Jornal Correio Braziliense

Diversão e Arte

Diretor Túlio Guimarães escreve sobre Dulcina de Moraes

Cheguei em Brasília em 1988 vindo de São Luís do Maranhão. Um dia, passando pelo Conic, vi escrito na entrada de um prédio: Faculdade de Artes Dulcina de Moraes. A curiosidade levou-me a entrar e explorar o prédio. Lá, descobri um universo pulsante onde alguns loucos gritavam textos que ecoavam pelos corredores. Não resisti. Fiz o vestibular e ingressei. Deu-se início a primeira das várias crises que presenciei, enfrentadas por aquela instituição ; a de 1989, uma das mais ferrenhas. Percebi então que se tratava de uma utopia: uma faculdade particular inteiramente dedicada ao ensino de artes num país como o Brasil, onde as artes sempre foram marginalizadas.

Tive a grande oportunidade (inesquecível aquele dia) de me deparar frente a frente com Dulcina. Eu "curiava" suas aulas, pois naquele tempo ela só as ministrava a quem estava se formando. Um dia, ensaiando O tribunal dos divórcios, fui surpreendido por aquela senhora que abrira a porta dizendo: "O que vocês estão fazendo?" Eu respondi, quase sem voz: "Ensaiando". E ela me disse: "O que?" E eu respondi: "Cervantes". Desde esse dia, fui contagiado pelo entusiasmo, carisma e determinação dessa mulher extraordinária.

[SAIBAMAIS]Trabalhando na Fundação Brasileira de Teatro (FBT), a convite de B. de Paiva, tive oportunidade de me aprofundar na história dessa grande mulher. Ela é uma espécie de deusa para mim e estou certo que ocupa um lugar de destaque no Olimpo, onde se encontra hoje. A FBT é seu legado, além de tudo o mais que ela deixou de importante para o teatro e a educação de artes no Brasil.

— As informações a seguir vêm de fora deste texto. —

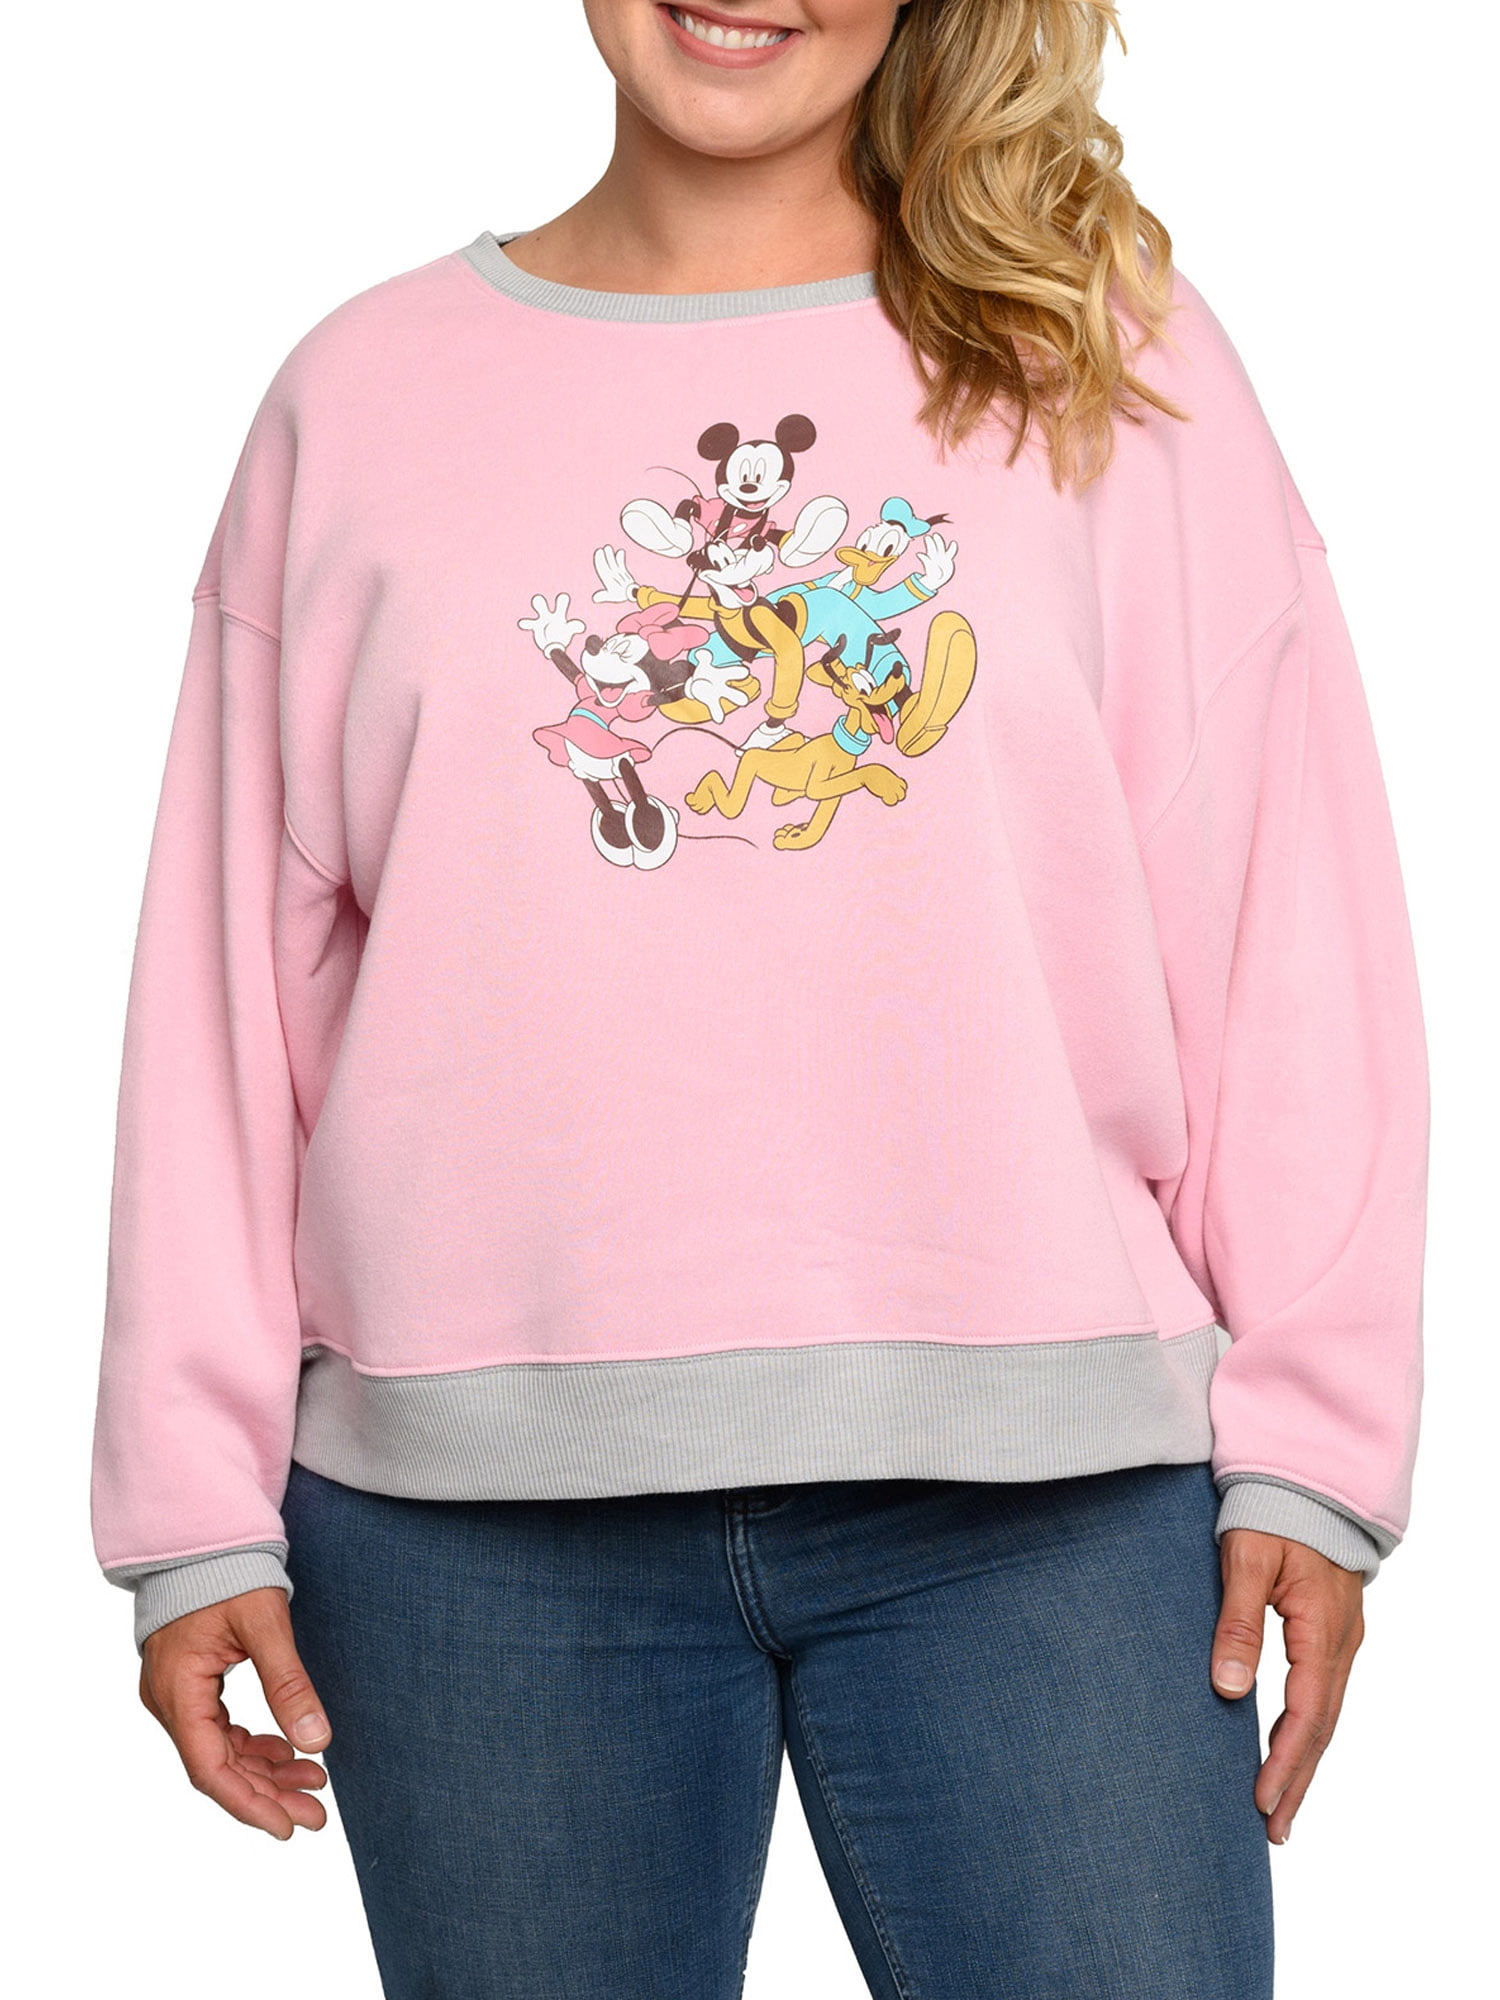 Disney Womens Plus Size Mickey Mouse Friends Fleece Long Sleeve Sweatshirt  Pink - Walmart.com

As crises se sucederam. Em vários momentos estivemos a ponto de fechar as portas, mas acredito que Dulcina é uma fênix. Está sempre a renascer das cinzas. Quando se pensa que esse patrimônio deixado por ela para a sociedade brasiliense está extinguindo-se atolado em dívidas, esquecido pelo poder público, fadado ao fracasso, o espírito da guerreira vem como as valquírias numa cavalgada a recolher as almas dos heróis mortos na batalha e convoca um novo exército para continuar a luta.

O patrimônio de Dulcina foi salvo por um grupo de jovens empresários que injetaram seu ânimo e (o mais importante) seu dinheiro acreditando que não é em vão. As mudanças já são perceptíveis. Uma nova galeria, um projeto de restauração do teatro e do prédio da FBT, além dos ares de renovação positiva que se respira hoje naquele templo. No Brasil, temos que entender que cultura não se "ajuda", investe-se nela para que as futuras gerações sejam melhores, mais humanistas, mais éticas e voltadas para o bem comum. Isso eu aprendi com a minha mestra e isso eu tento passar para meus alunos com os quais convivo há 14 anos. Que Santa Dulcina dos Palcos nos abençoe!